Inter-Processor Interfaces: One of the biggest headache in Realtime systems is defining and maintaining message interfaces. Defining of interfaces is complicated by different byte ordering and padding rules in processors. Maintenance of interfaces is complicated by backward compatibility issues. For example if a cellular system changes the air interface protocol for a new breed of phones, it will still have to support interfaces with older phones.
Load Distribution: When multiple processors and links are involved in message interactions distributing the load evenly can be a daunting task. If the system has evenly balanced load, the capacity of the system can be increased by adding more processors. Such systems are said to scale linearly with increasing processing power. But often designers find themselves in a position where a single processor or link becomes a bottle neck. This leads to costly redesign of the features to improve system scalability.

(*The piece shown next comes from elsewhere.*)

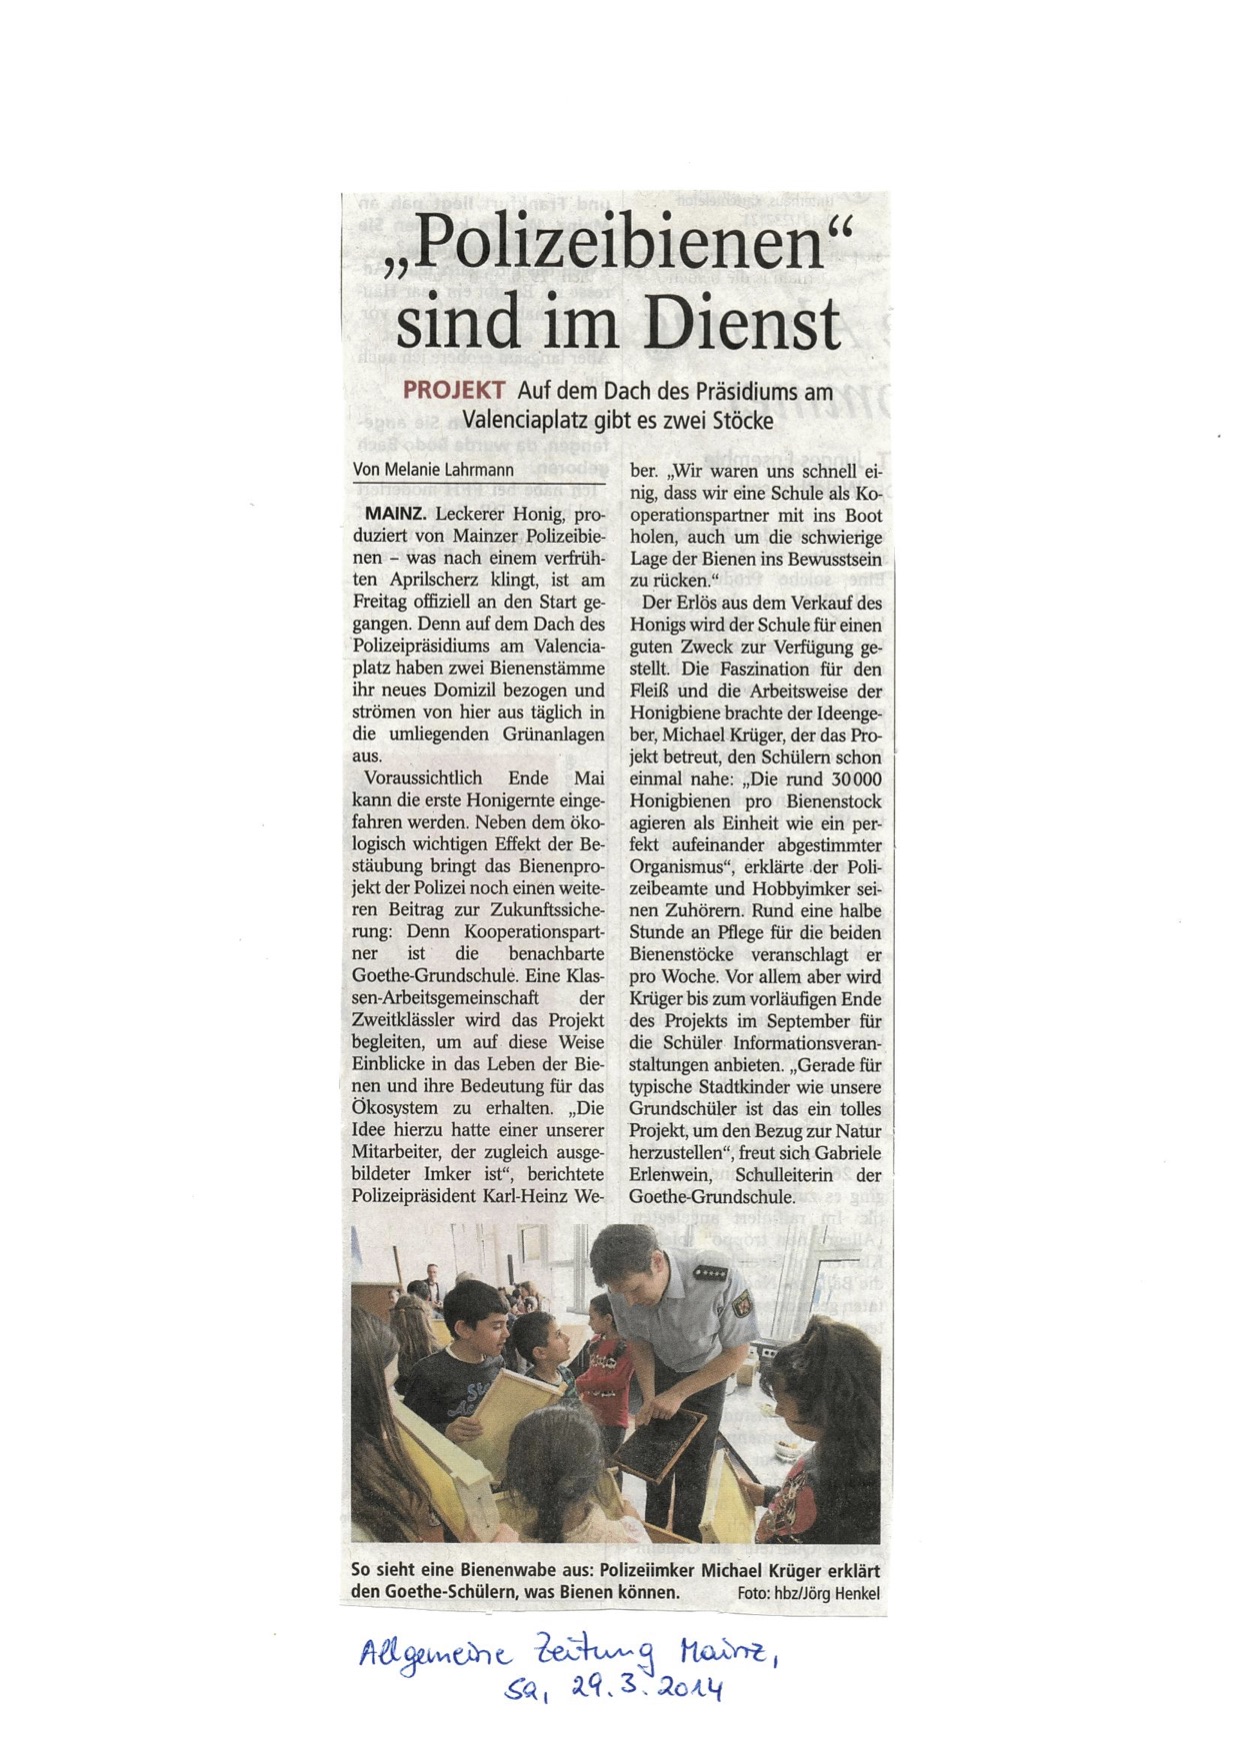 "Polizeibienen sind im Dienst" - Allgemeine Zeitung Mainz vom 29.03.2014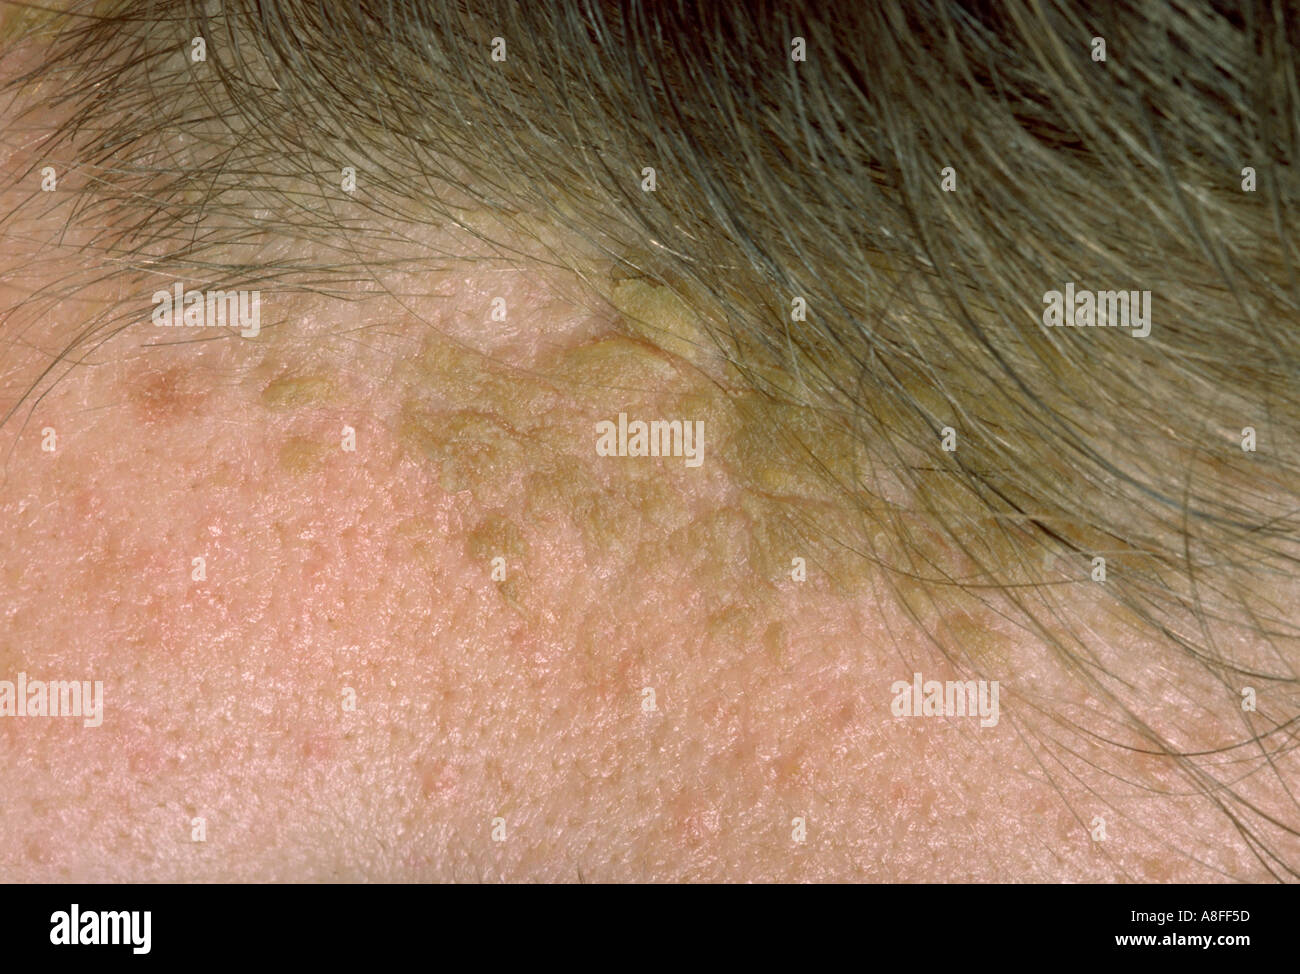 La dermatite seborroica Foto Stock

Centralized Resource Allocation: Distributed systems may be running on multiple processors, but they have to allocate resources from a shared pool. Shared pool allocation is typically managed by a single processor allocating resources from the shared pool. If the system is not designed carefully, the shared resource allocator can become a bottle neck in achieving full system capacity.

Asynchronous Communication

Remote procedure calls (RPC) are used in computer systems to simplify software design. RPC allows a programmer to call procedures on a remote machine with the same semantics as local procedure calls. RPCs really simplify the design and development of conventional systems, but they are of very limited use in Realtime systems. The main reason is that most communication in the real world is asynchronous in nature, i.e. very few message interactions can be classified into the query response paradigm that works so well using RPCs.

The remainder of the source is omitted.